Optimistic millennials face U.S. lawmakers in economic hearing

Republican Elise Stefanik poses on Wednesday, Aug. 27, 2014, in Ballston Spa, N.Y., during her campaign. Stefanik, a freshman representative, was among the millennials who testified Wednesday, Nov. 18, to a hearing of the Joint Economic Committee of Congress about the challenges facing her generation.
Republican Elise Stefanik poses on Wednesday, Aug. 27, 2014, in Ballston Spa, N.Y., during her campaign. Stefanik, a freshman representative, was among the millennials who testified Wednesday, Nov. 18, to a hearing of the Joint Economic Committee of Congress about the challenges facing her generation. AP

Three millennials faced a row of Generation X-ers and baby boomers Wednesday on Capitol Hill, and though the ages in the congressional hearing room ranged wide, the understanding was mutual: Americans born in the 1980s and 1990s are now facing economic challenges dramatically different from those of their parents and grandparents.

“I share the concerns of this committee and many of my House and Senate colleagues,” 30-year-old Rep. Elise Stefanik, R-N.Y., said during a hearing of the Joint Economic Committee of Congress. “When the most educated generation in our nation’s history cannot start businesses, purchase homes or save for retirement because they are held back by decades of loan payments, we must make it a priority to discuss innovative ways to address this issue.”

Stefanik was joined on the witness panel by a non-profit director and research fellow, all of whom are and work with millennials. They stressed to lawmakers how their generation is the largest in the nation’s workforce, but still struggles to pay off student loans, find affordable housing and start families.

“Millennials have been called the most entrepreneurial generation,” said Jared Meyer, a fellow at the Manhattan Institute for Policy Research. Yet, “few young Americans have followed through on their entrepreneurial dreams.”

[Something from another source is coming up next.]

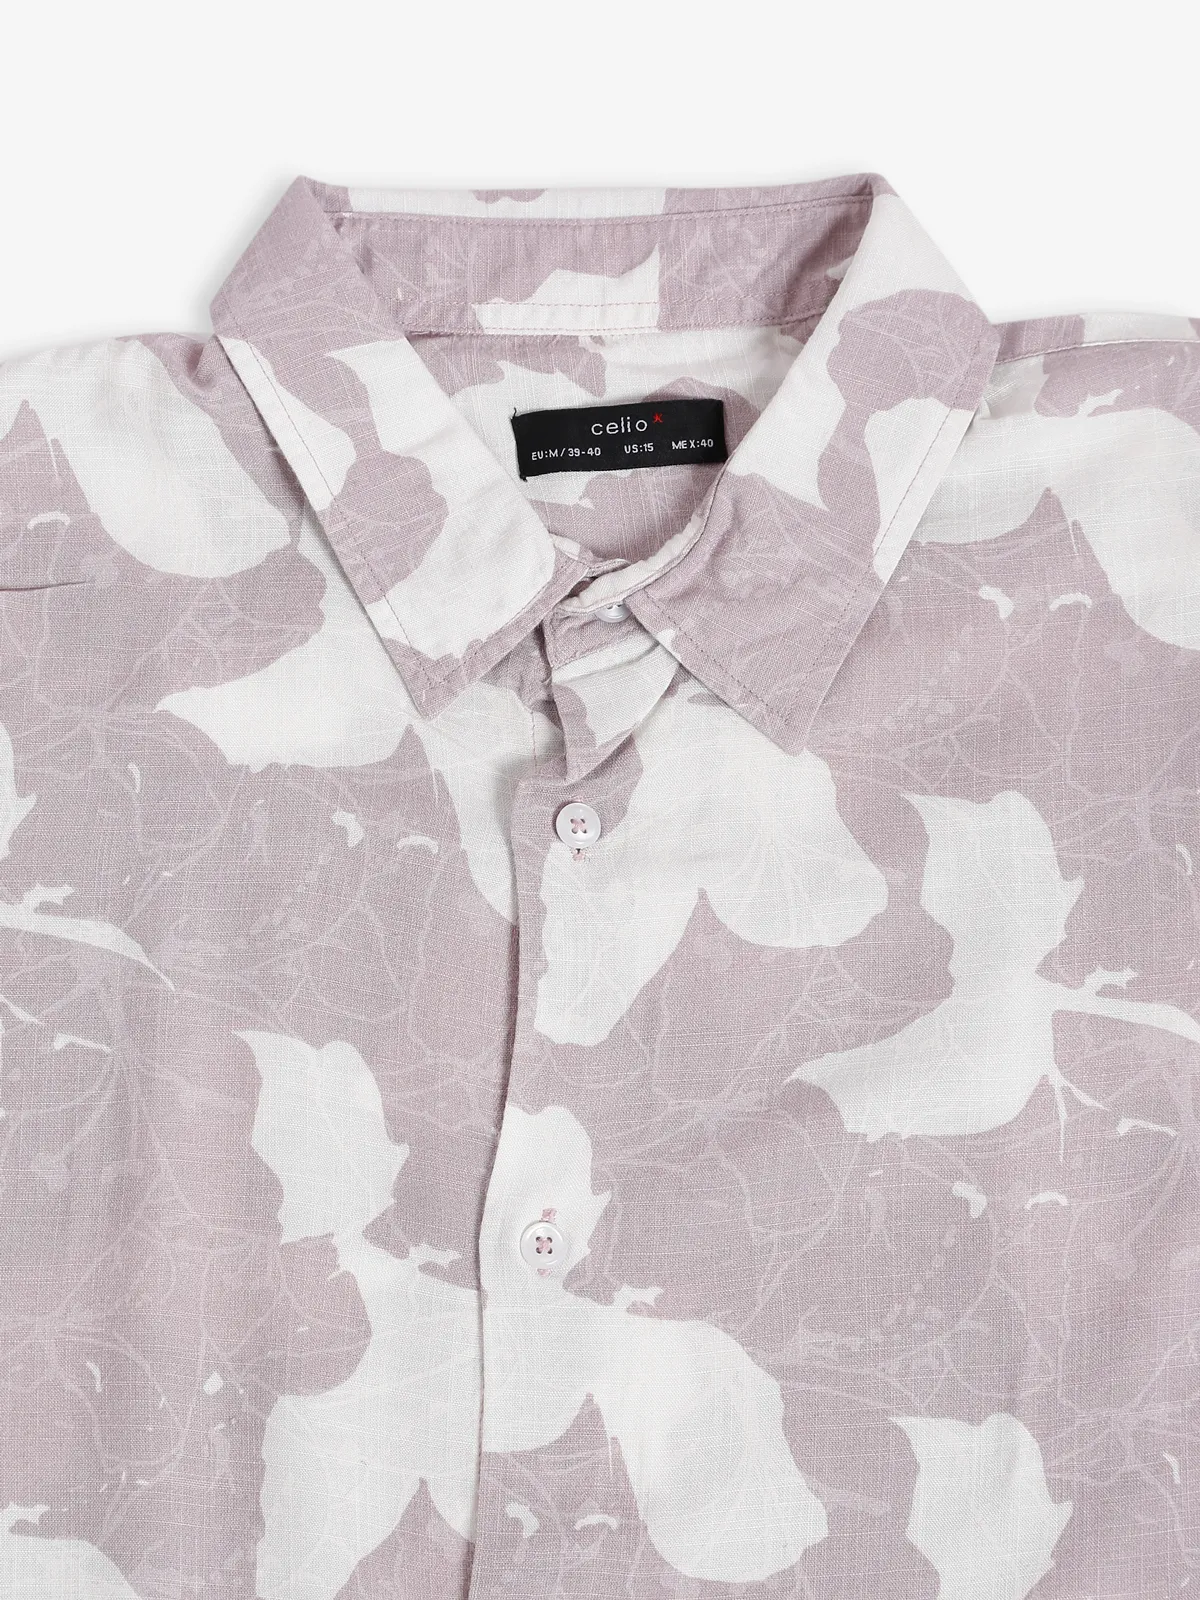 Celio mauve pink printed shirt

One in four millennials wants to start his or her own business, according to a Bentley University survey. “Yet, as of 2013, only 3.6 percent of private businesses were at least partially owned by someone under the age of 30,” Meyer said.

While monetary restrictions and limitations are apparent, the witnesses said their generation remains optimistic and driven. Committee chairman Sen. Dan Coats, R-Ind., said he found this idea to be “a bit surprising” because millennials are working less skilled jobs with more debt.

Where does that optimism come from? Why isn’t there more outrage … about being robbed of the opportunity to achieve the American dream?

Rep. Dan Coats, R-Ind.

“Where does that optimism come from?” Coats asked. “Why isn’t there more outrage … about being robbed of the opportunity to achieve the American dream? Robbed, frankly, by the older generation that I’m a part of?”

“You can be frustrated simultaneous to being optimistic of the future of this country,” Stefanik said. “Millennials volunteer in historic numbers, but they feel very politically disengaged. We need to actively reach out to millennials to make them a part of the conversation when we’re making public policy.”

Lawmakers can make a difference to assist these optimistic young Americans, said Jen Mishory, executive director of Young Invincibles, a non-profit organization based in Washington, D.C., that promotes economic education and resources for young adults.

“Congress should do its part by incentivizing institutions, organizations, private companies, and communities to join together and think creatively about specific tactics that meet youth where they are and work for them,” she said.